GRAPH-ISOMORPHISM is also in NP. A certificate would be a method of relabelling the vertices. This method can be represented as a sequence of vertices, again, polynomial in the size of the graph. The algorithm to check the certificate simply relabels all the vertices accordingly and sees if both graphs have the same set of edges, a polynomial time operation (we can just sort the edges and compare the sets).

Relationship of P and NP

It is somewhat frustrating to computer scientists that this issue hasn't been put to rest.
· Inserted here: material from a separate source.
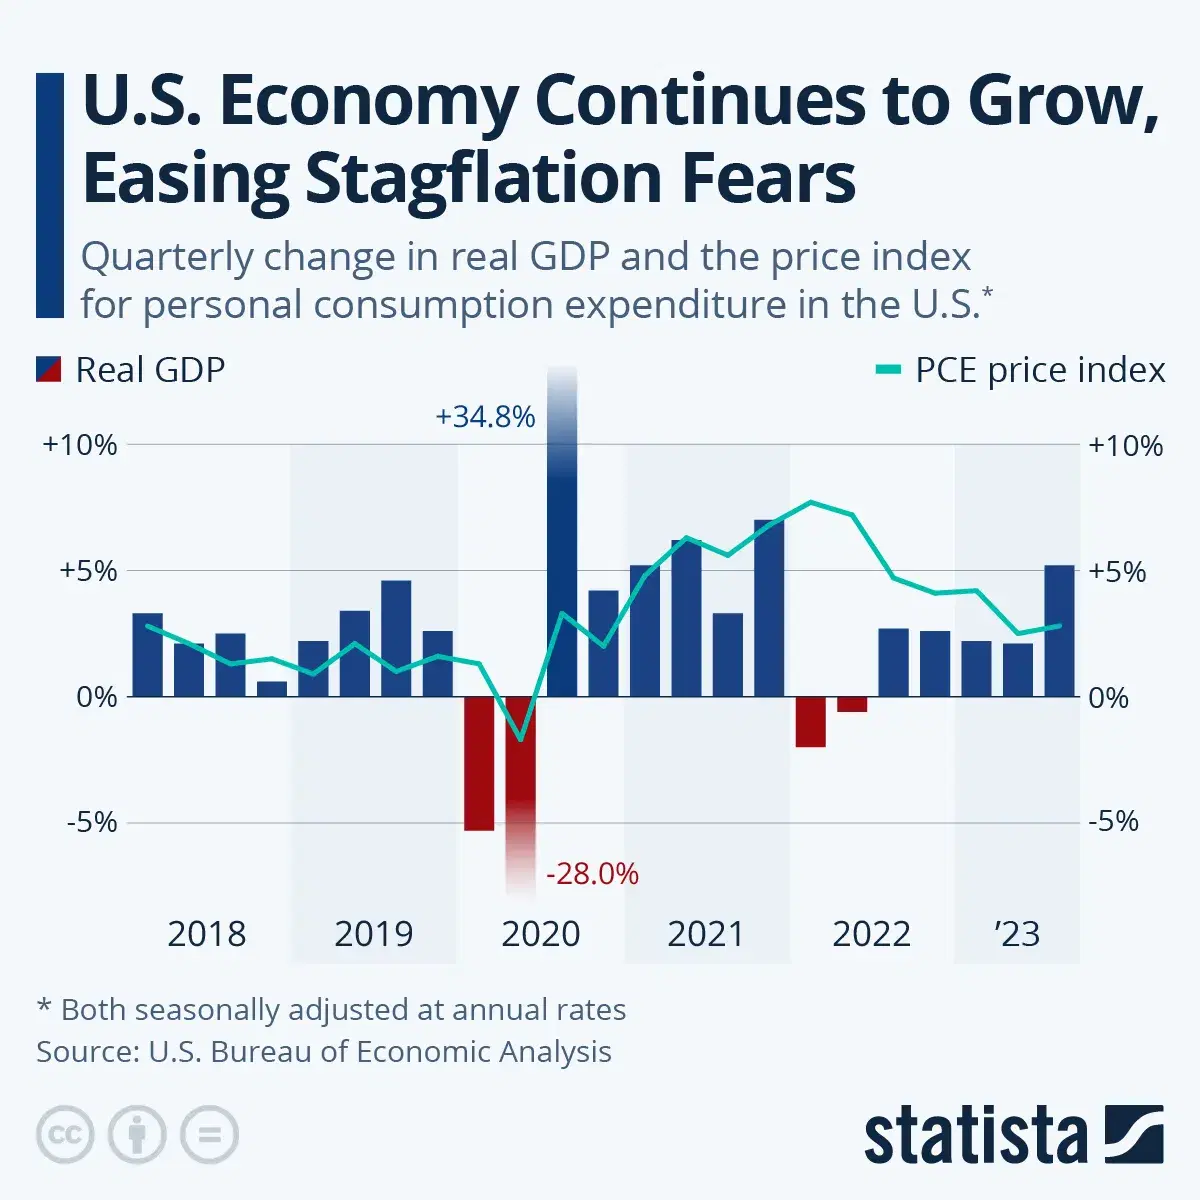 U.S. Economy Continues to Grow, Easing Stagflation Fears
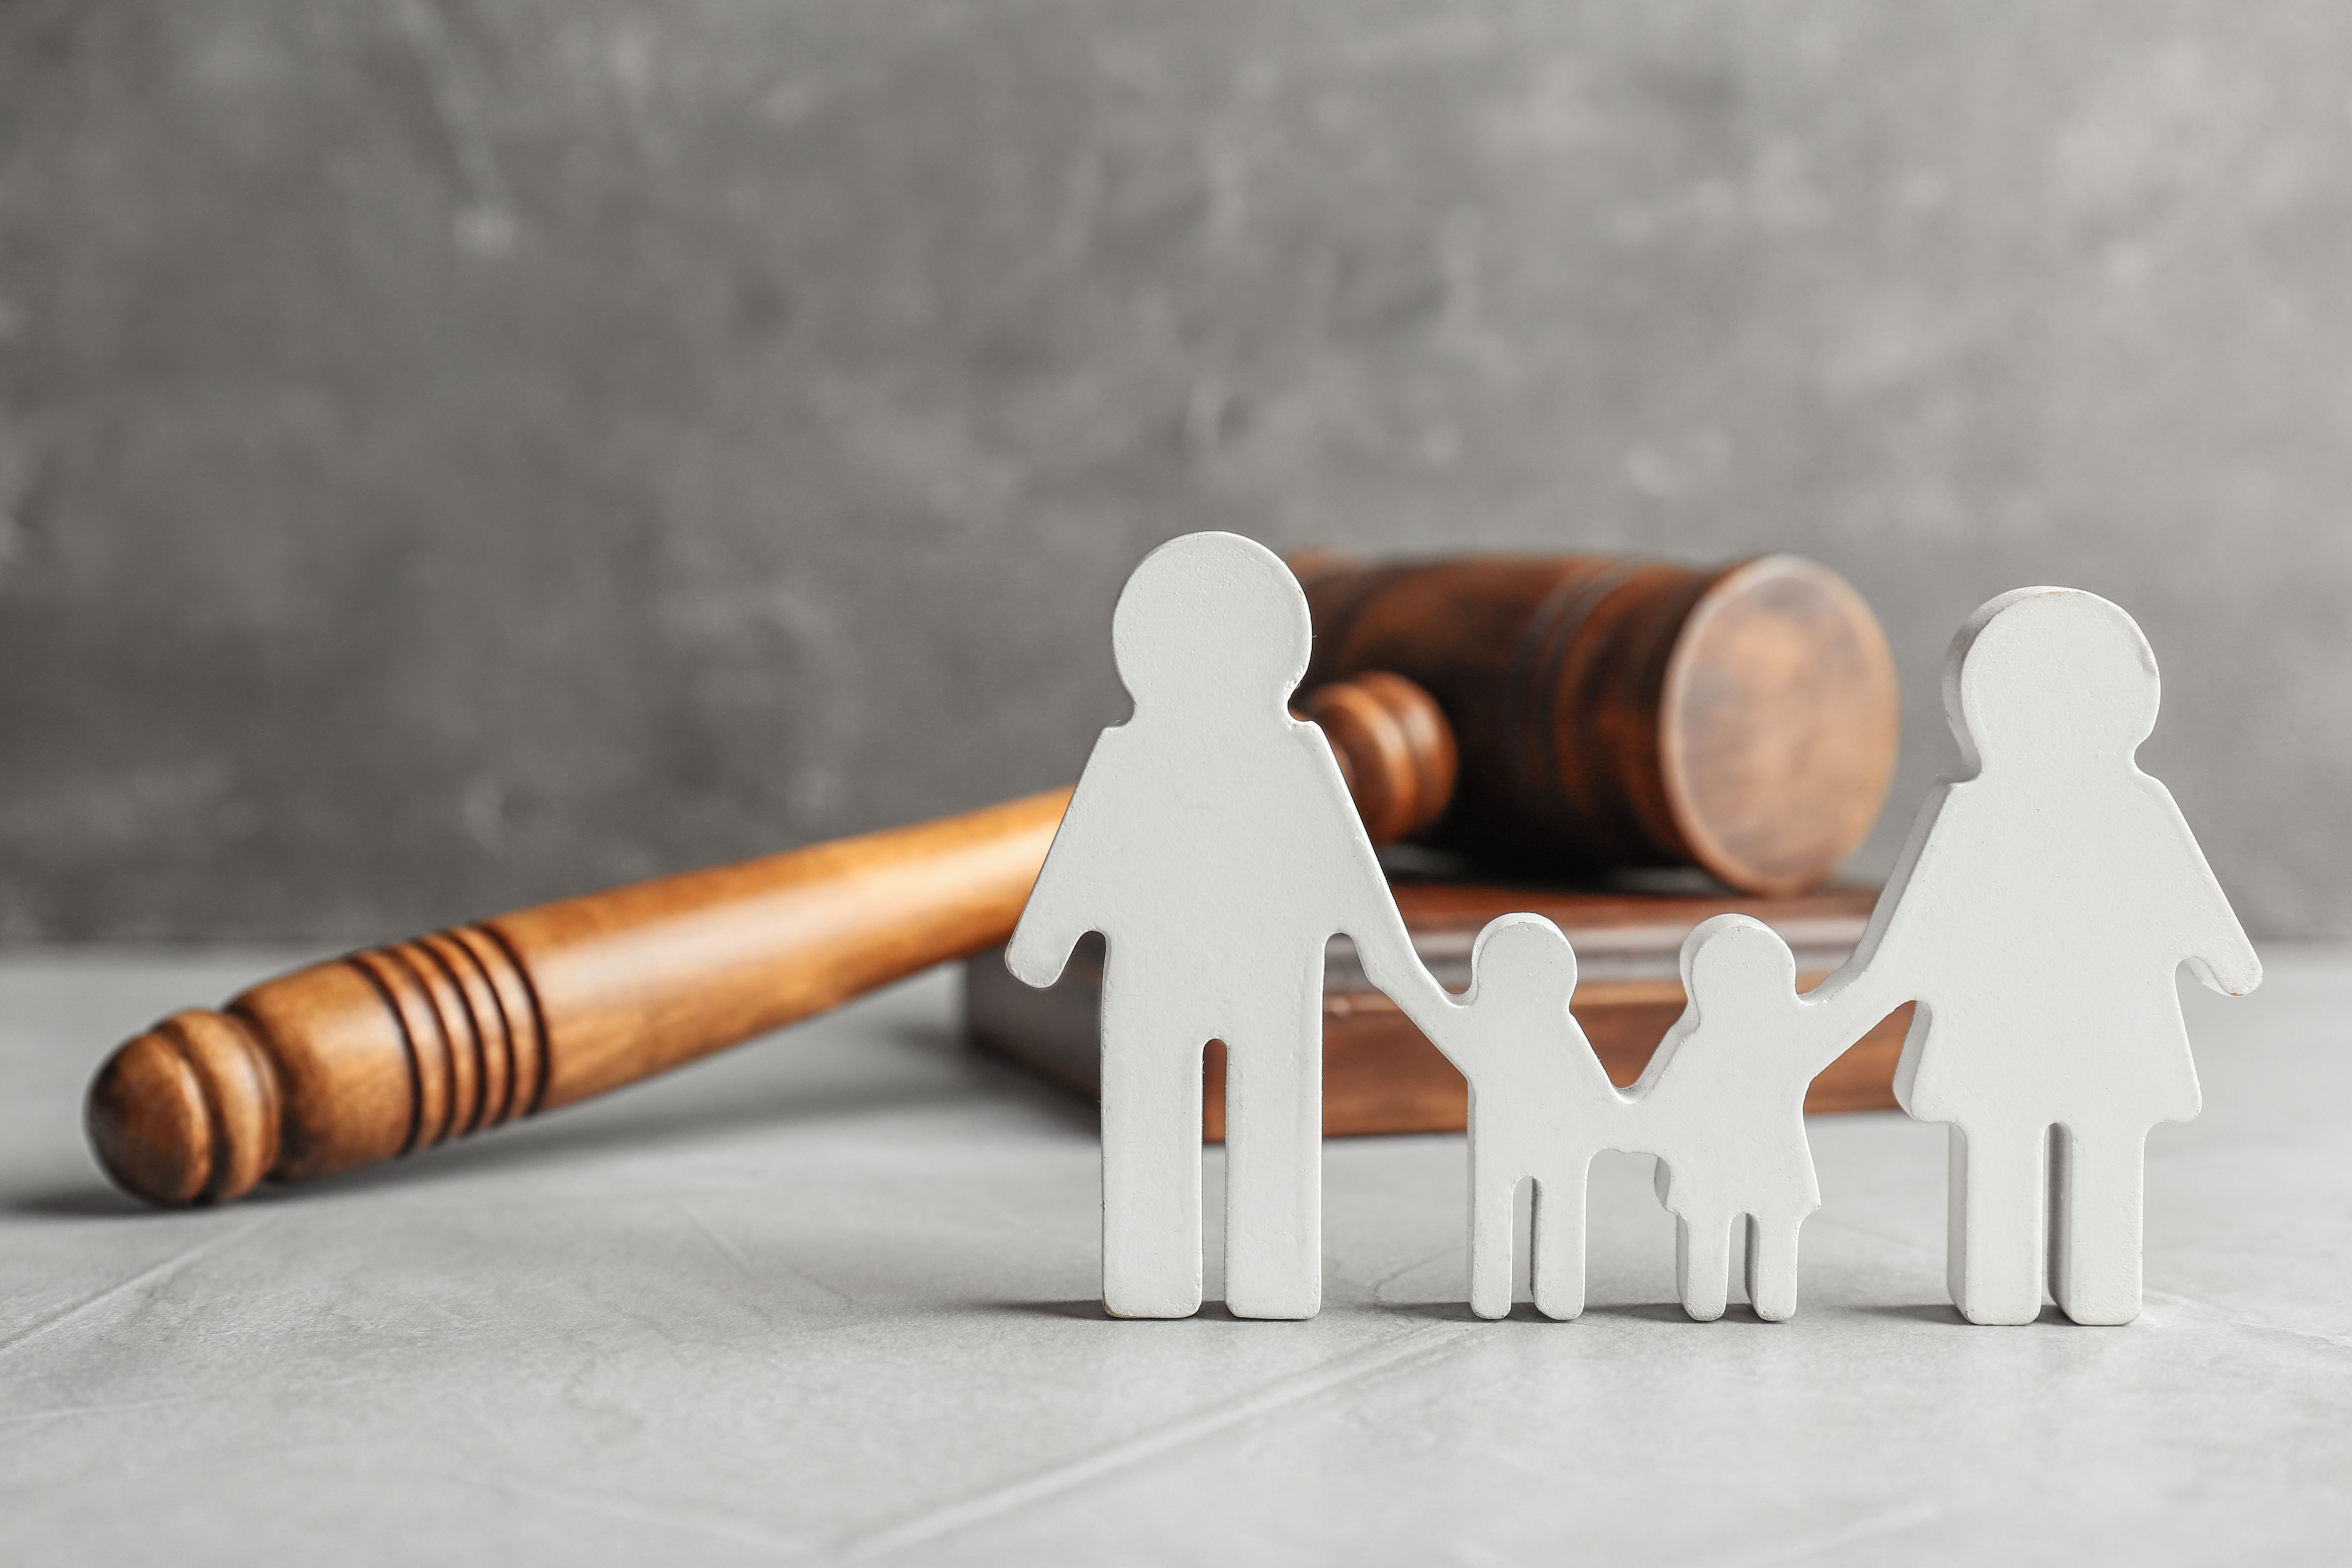 paper cut out of family on table in front of gavel

There are very many problems in NP; if we can show that just one of them isn't also in P, we have proven that P != NP. Also, there is a class of problems we will see later called the NP-complete problems for which one can show that, if just one of them has a polynomial time algorithm, then P = NP.

This question of P ?= NP has important practical consequences; if P = NP, then RSA is in big trouble because all of the sudden we know that its possible to factor large numbers in polynomial time. If P = NP, we know we can find an efficient algorithm to solve the Travelling Salesman Problem, something important in many real world applications. Many other NP problems would also become tractable. If P != NP, then we know that some very important problems just can't be solved efficiently.

The question of whether P ?= NP is (not so arguably) the most important open problem in computer science. There is a self-fulfilling myth that "most computer scientists believe that P != NP," and plenty of circumstantial evidence in the form of "we can prove P != NP if <insert plausible but equally hard to prove assertion here> is true," but as of today no proof.